The Range

If You Build It ...

Who's ready for some hockey? Evidently, enough of you to fill up a 12,500-seat arena, according to a study released last week by city officials. The national consulting firm Conventions, Sports & Leisure International tells us that a new arena could annually host 40 minor-league hockey games, 18 Ice Cats games, eight arena football games, a dozen concerts, a half-dozen horse-related events, six ice shows, three Monster Truck shows and at least two religious events.

City officials say a new arena would be way better than the current 34-year-old dump, which features lousy concessions, no luxury suites and dressing rooms that simply don't reach the standards of today's celebrities.

The city's demographics show that many residents are too old or too poor to attend regular hockey games or other events, but that college students, Mexican visitors and snowbirds have time and money to spare.

The consultants note that four hockey franchises have failed in Tucson, but suggest that a first-class arena will attract a first-class team, which in turn will draw a first-class crowd. Sure--just look how we support the Tucson Sidewinders out there at the reasonably new Tucson Electric Park! Oh, wait--their attendance is down near the bottom of the Pacific Coast League.

Next up: A report by the end of the year that will tell how much the arena will cost--and how we'll pay for it.


Responding to a homicide wave earlier this year, the Tucson Police Department's Operations Division South has been cracking down on juvenile and violent crime since last May 27, according to Tucson Police Department spokesperson Lisa Peasley. The deployments, funded through federal grants, led to the arrest of 162 adults and 194 juveniles, as well as the seizure of 166 handguns, rifles and shotguns.

In last week's press release, Peasley noted that "there were no firearm-related deaths in Operations Division South since the emphasis of these deployments was shifted to aggressively pursuing seizures of firearms."

That is, until Wednesday, Sept. 14, when Juan Francisco Favela, 39, was shot to death while using a payphone in front of the La Mexicana Super Carniceria Market in the 4500 block of South Sixth Avenue. Three Hispanic men argued with Favela before one of them shot him.

Police said they charged Ruben Espinoza-Sanchez, 23, with one count of first-degree murder and booked him into Pima County Jail after he turned himself in on Friday, Sept. 16.

Greetings From Titan

New pics are arriving from the Range's favorite spacecraft, the Cassini probe that recently completed another fly-by of Titan, the mysterious moon of Saturn. Scientists from the Jet Propulsion Laboratory in Pasadena, Calif., say new radar images suggest a shoreline is present on Titan's surface.

"This is the area where liquid or a wet surface has most likely been present, now or in the recent past," said Steve Wall, radar deputy team leader, in a press release. "Titan probably has episodic periods of rainfall or massive seepages of liquid from the ground."

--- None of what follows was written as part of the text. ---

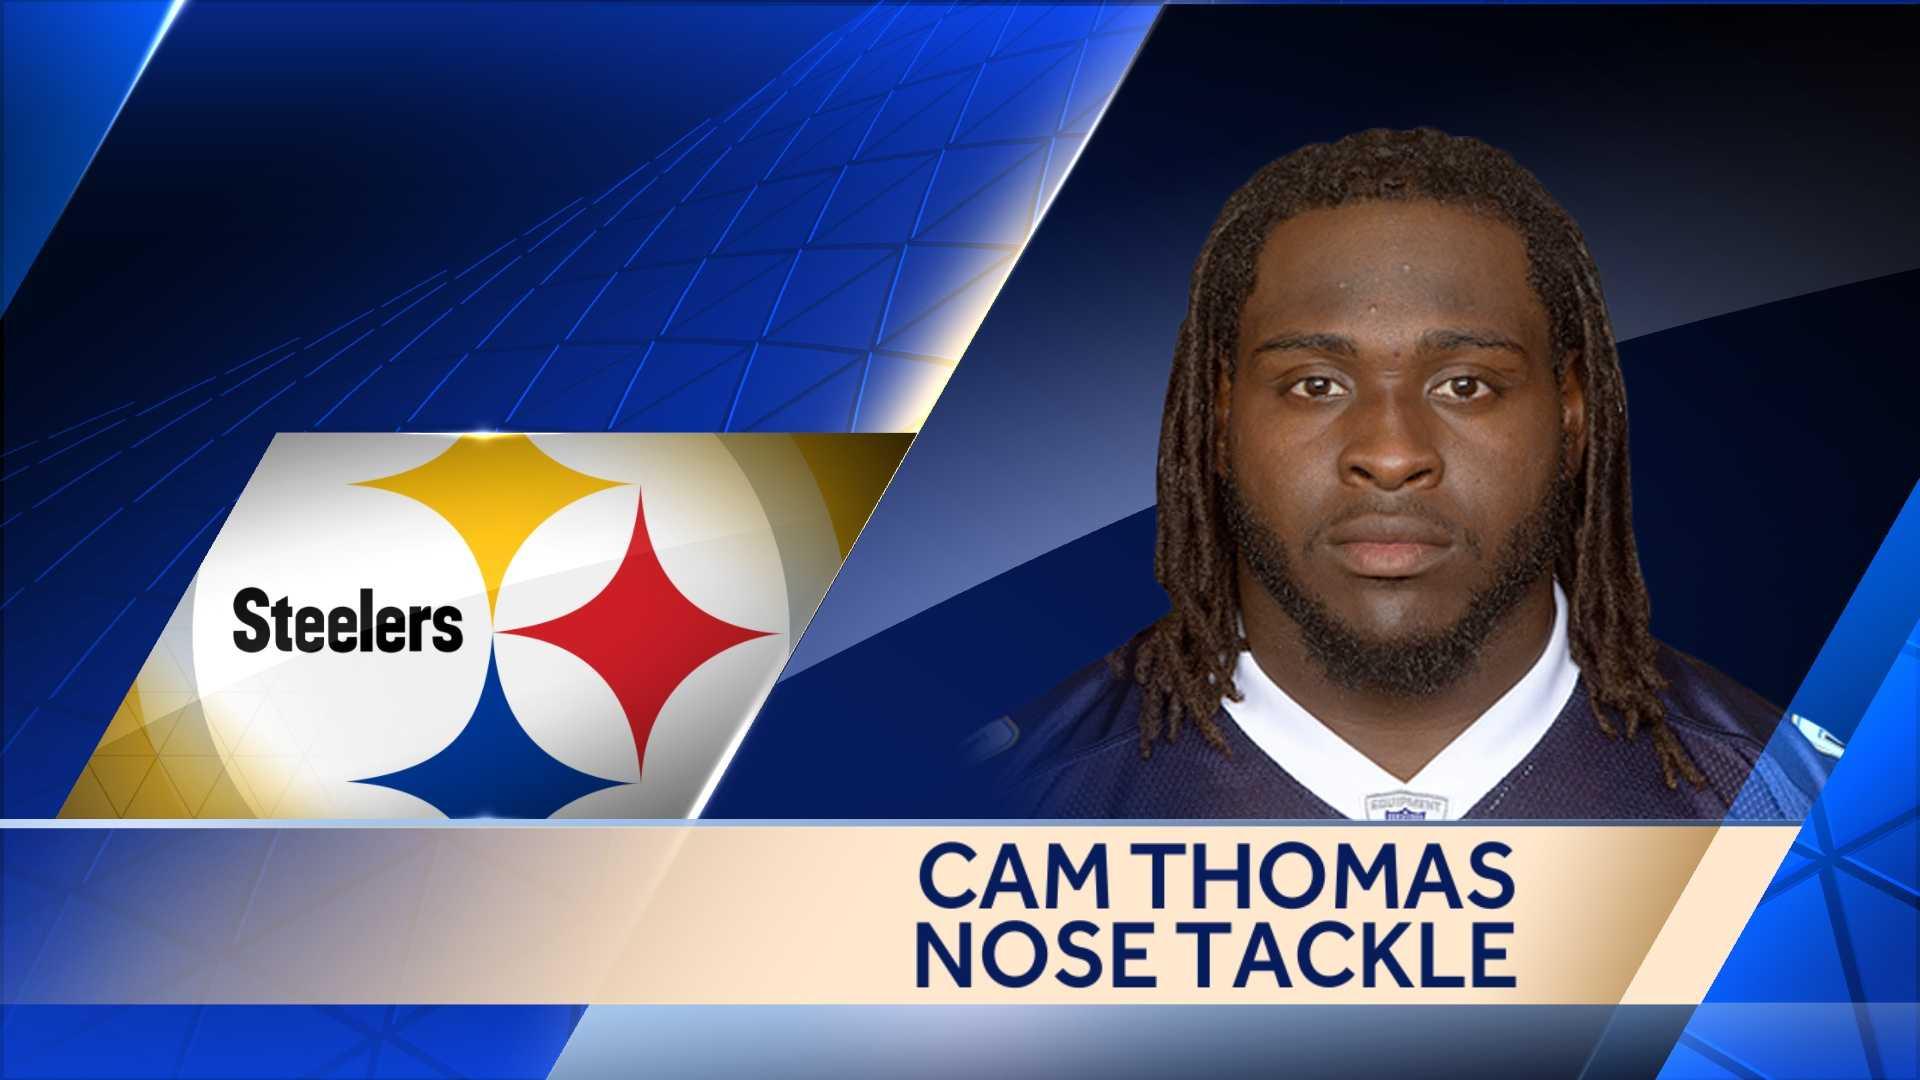 Cam Thomas graphic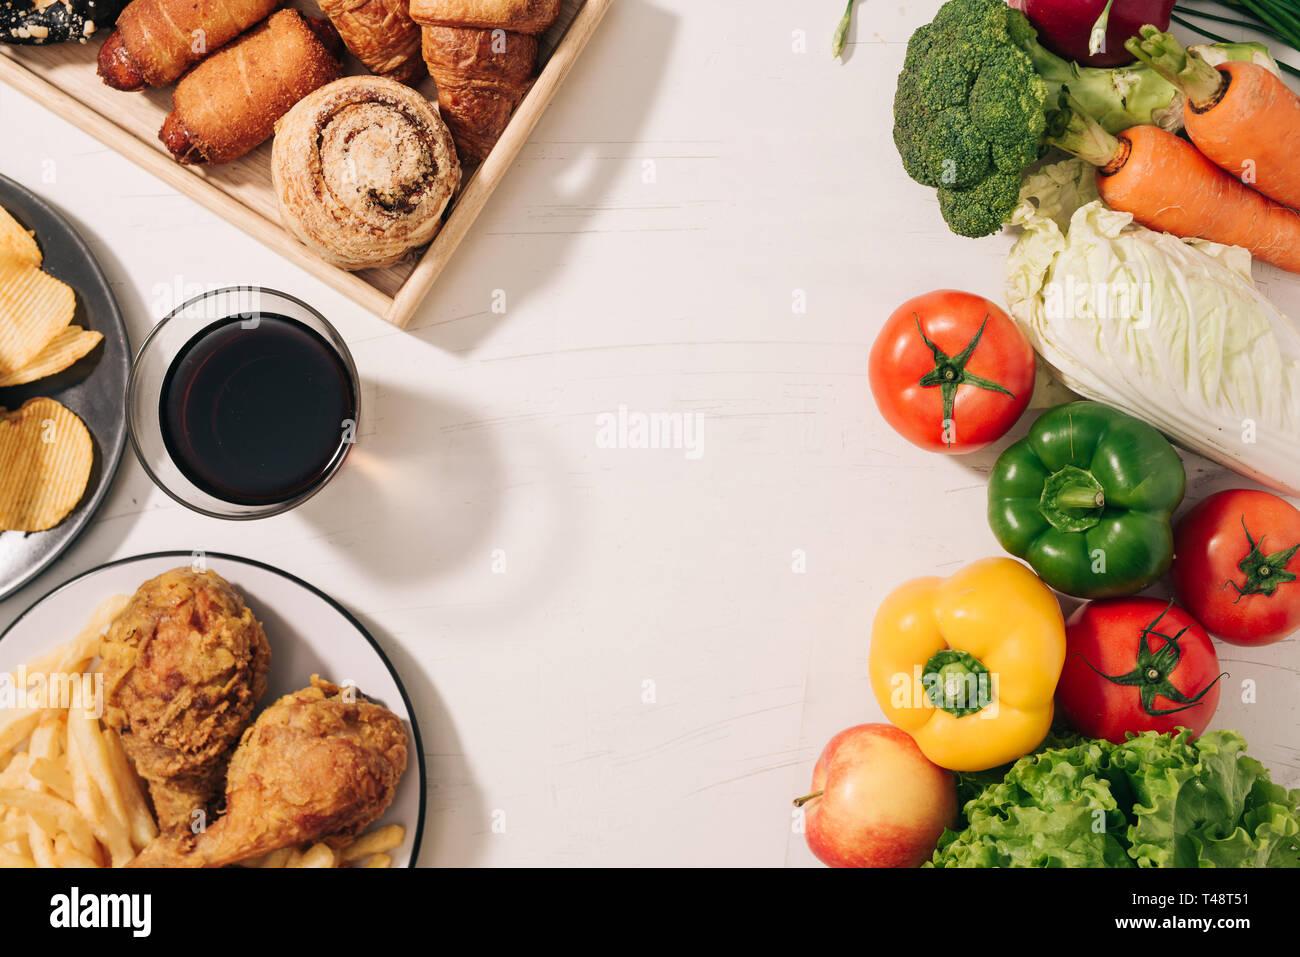 Choosing between Fruits and Sweets  Healthy versus unhealthy food

We imagine Rocky Point is a more inviting vacation spot this time of the year.

Girls Gone Wild!

Girl-on-girl action is officially on the rise! The federal government released a study last week that showed 18 percent of women ages 18 to 29 have fooled around at least once with another girl. Y'know, from what we've been seeing on TV and reading in Maxim, we kinda thought the percentages would be higher.

In any case, The Range encourages girls to remain open-minded and to explore their curiosity--and, hey, do you mind if we watch?

Sarah Fenske of the Phoenix New Times examined the hot bisexual trend in last week in "The Vagina Dialogues" (check it out at Fenske noted that "if blow jobs defined sexual relations in the Clinton era, in the Bush years we've got nothing but, well, bush."

Speaking of blowjobs, the federal study also noted that more than half of U.S. teens between 15 and 19 have had oral sex. Once upon a time, we at The Range thought we were born 20 years too late for all the fun in the '60s; now we realize we were born 20 years too soon for all the fun today.

Raising a Stink

The Copper Era, a fellow publication in the mighty Wick Communications empire, reported last week that East Plantside, Ariz., was struck by a foul odor of unknown origin.

"Other than a small girl being taken to the local medical clinic due to an apparent reaction to the odor, no harm was reported to people or property," according to Copper Era managing editor Walter Mares. "Things just smelled bad--really bad."

Mares quoted one area resident as saying the stench was "kind of like a skunk, but it would have had to have been one hell of a big skunk."

The odor eventually dissipated, according to Mares.